## LISTED ENTRIES
= = = = =

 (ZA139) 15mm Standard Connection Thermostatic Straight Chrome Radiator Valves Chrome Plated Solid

= = = = =

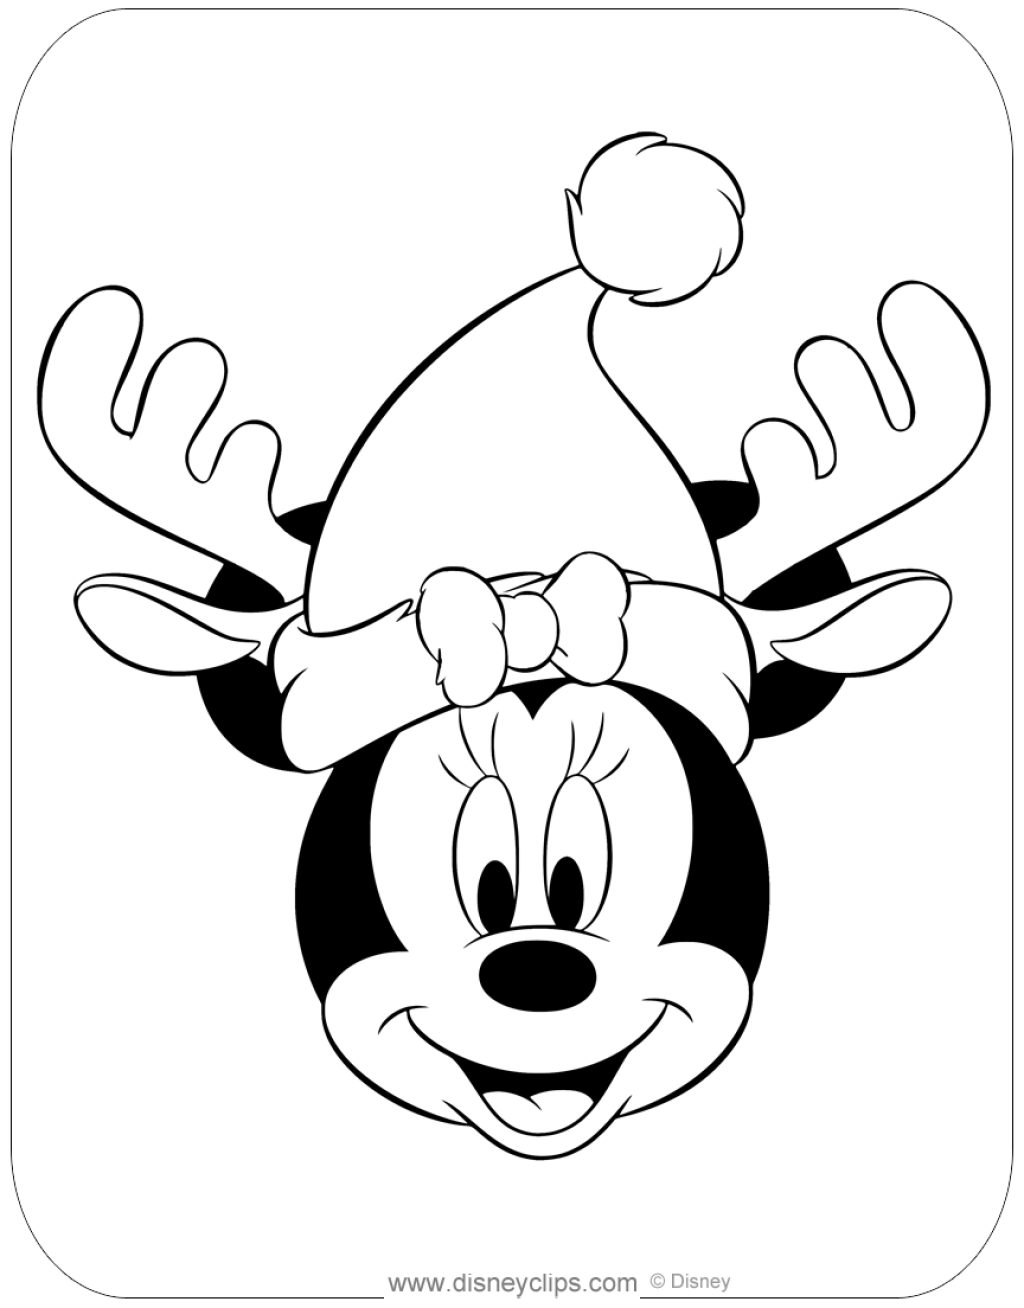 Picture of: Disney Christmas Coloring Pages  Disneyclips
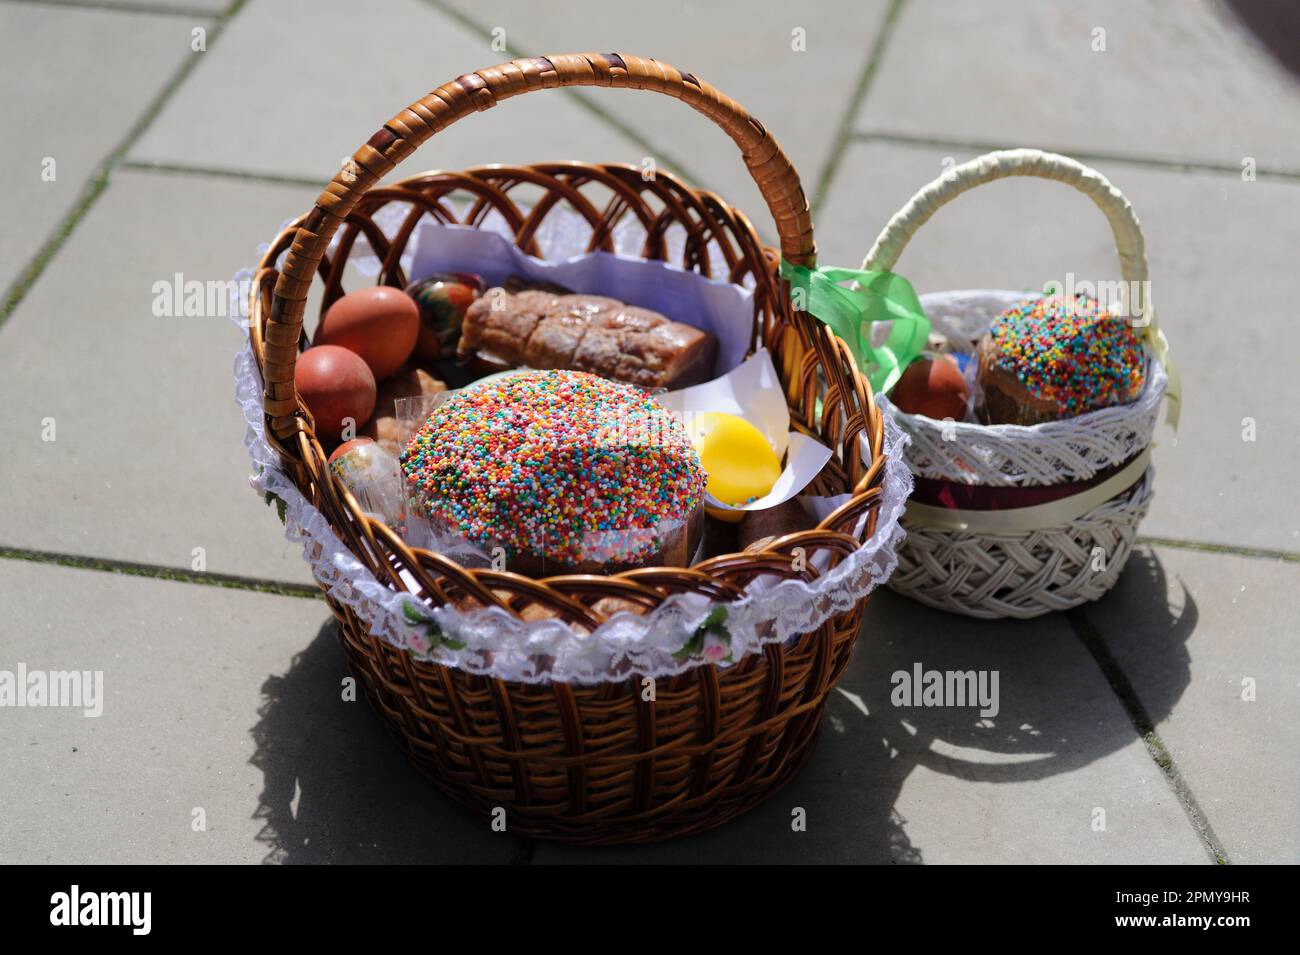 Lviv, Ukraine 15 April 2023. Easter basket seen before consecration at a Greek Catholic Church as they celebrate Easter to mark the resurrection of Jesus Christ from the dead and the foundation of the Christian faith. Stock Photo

= = = = =

Precisely those lines above that run from the line with "Picture of: Disney" up to and including the line with "Lviv, Ukraine 15" are to be set down, with the pictures omitted.

## SOLUTION
 Picture of: Disney Christmas Coloring Pages  Disneyclips
 Lviv, Ukraine 15 April 2023. Easter basket seen before consecration at a Greek Catholic Church as they celebrate Easter to mark the resurrection of Jesus Christ from the dead and the foundation of the Christian faith. Stock Photo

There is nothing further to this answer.